■ Required work
Where a line holds the word "Super", count it, then give only the total for the entries below.

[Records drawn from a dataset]
**********

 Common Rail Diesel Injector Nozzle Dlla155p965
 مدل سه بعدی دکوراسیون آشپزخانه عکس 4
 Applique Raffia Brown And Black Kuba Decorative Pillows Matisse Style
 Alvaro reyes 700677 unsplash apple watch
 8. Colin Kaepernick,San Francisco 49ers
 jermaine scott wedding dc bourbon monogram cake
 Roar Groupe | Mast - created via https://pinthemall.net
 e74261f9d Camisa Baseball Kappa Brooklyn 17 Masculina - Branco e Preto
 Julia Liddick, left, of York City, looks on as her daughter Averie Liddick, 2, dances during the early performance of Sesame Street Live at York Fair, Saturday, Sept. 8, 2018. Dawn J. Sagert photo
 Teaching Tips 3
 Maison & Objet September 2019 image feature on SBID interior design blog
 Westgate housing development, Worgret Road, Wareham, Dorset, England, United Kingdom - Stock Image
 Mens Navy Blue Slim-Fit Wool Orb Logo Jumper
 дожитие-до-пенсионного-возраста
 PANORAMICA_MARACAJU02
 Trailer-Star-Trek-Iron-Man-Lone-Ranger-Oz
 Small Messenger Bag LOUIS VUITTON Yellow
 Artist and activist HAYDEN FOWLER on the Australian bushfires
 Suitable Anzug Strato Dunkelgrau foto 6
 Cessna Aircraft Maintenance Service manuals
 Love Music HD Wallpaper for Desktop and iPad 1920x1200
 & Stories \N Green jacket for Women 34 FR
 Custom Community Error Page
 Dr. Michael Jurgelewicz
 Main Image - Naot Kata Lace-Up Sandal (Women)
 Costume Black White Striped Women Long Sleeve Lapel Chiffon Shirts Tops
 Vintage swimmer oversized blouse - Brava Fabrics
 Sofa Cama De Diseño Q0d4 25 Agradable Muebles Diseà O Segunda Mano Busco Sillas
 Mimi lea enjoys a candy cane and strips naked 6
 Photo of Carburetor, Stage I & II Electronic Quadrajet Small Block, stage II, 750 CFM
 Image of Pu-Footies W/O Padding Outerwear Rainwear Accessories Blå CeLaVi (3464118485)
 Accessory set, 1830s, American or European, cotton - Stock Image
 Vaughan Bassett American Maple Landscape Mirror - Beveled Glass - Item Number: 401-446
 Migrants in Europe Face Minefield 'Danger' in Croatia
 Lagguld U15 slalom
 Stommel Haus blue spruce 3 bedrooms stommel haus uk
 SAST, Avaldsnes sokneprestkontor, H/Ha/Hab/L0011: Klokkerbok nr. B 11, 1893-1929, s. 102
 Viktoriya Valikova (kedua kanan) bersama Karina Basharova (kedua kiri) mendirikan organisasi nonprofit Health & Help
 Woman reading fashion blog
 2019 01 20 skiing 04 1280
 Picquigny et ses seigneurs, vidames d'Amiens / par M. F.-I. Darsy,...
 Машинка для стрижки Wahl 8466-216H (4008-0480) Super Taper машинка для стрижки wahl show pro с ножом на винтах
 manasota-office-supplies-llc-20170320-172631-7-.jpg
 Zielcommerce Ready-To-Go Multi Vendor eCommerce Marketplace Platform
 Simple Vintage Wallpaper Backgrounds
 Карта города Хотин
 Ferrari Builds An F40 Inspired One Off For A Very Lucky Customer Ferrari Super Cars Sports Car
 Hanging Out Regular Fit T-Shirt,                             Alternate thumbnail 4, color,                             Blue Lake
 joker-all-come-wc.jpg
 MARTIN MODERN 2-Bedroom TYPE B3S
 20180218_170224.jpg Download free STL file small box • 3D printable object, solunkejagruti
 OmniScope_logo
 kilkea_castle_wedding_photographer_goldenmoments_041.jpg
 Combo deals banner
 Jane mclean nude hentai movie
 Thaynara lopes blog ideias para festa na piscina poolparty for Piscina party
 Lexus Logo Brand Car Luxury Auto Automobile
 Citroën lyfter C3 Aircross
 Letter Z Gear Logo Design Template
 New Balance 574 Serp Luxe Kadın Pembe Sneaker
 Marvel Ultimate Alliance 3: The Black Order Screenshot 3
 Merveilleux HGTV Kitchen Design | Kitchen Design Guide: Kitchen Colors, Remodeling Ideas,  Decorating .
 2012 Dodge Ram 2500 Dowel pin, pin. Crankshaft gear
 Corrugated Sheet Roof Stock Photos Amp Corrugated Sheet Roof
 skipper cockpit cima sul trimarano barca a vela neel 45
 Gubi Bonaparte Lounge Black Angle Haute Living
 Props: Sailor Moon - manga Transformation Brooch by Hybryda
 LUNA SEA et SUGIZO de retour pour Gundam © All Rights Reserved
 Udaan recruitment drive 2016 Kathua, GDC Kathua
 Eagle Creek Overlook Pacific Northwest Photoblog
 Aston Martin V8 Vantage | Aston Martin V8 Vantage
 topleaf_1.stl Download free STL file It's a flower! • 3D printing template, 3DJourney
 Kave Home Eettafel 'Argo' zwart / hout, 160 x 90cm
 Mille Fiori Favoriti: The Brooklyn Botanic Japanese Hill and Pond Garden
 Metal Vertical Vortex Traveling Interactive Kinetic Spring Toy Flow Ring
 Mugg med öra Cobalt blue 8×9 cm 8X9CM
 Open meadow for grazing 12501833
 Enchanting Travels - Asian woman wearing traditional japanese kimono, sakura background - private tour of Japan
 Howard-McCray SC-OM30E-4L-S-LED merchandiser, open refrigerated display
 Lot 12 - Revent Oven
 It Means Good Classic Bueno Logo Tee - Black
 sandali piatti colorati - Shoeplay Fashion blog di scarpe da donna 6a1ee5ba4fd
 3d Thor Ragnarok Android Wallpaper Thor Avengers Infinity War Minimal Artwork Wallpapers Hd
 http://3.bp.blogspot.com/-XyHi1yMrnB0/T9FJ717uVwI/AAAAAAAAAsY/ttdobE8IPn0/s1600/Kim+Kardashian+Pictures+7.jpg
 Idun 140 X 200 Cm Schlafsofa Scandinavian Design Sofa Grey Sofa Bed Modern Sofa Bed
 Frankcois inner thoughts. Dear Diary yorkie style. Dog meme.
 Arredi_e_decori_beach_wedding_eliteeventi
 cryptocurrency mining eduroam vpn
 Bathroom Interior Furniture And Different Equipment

**********

■ Exercise response
2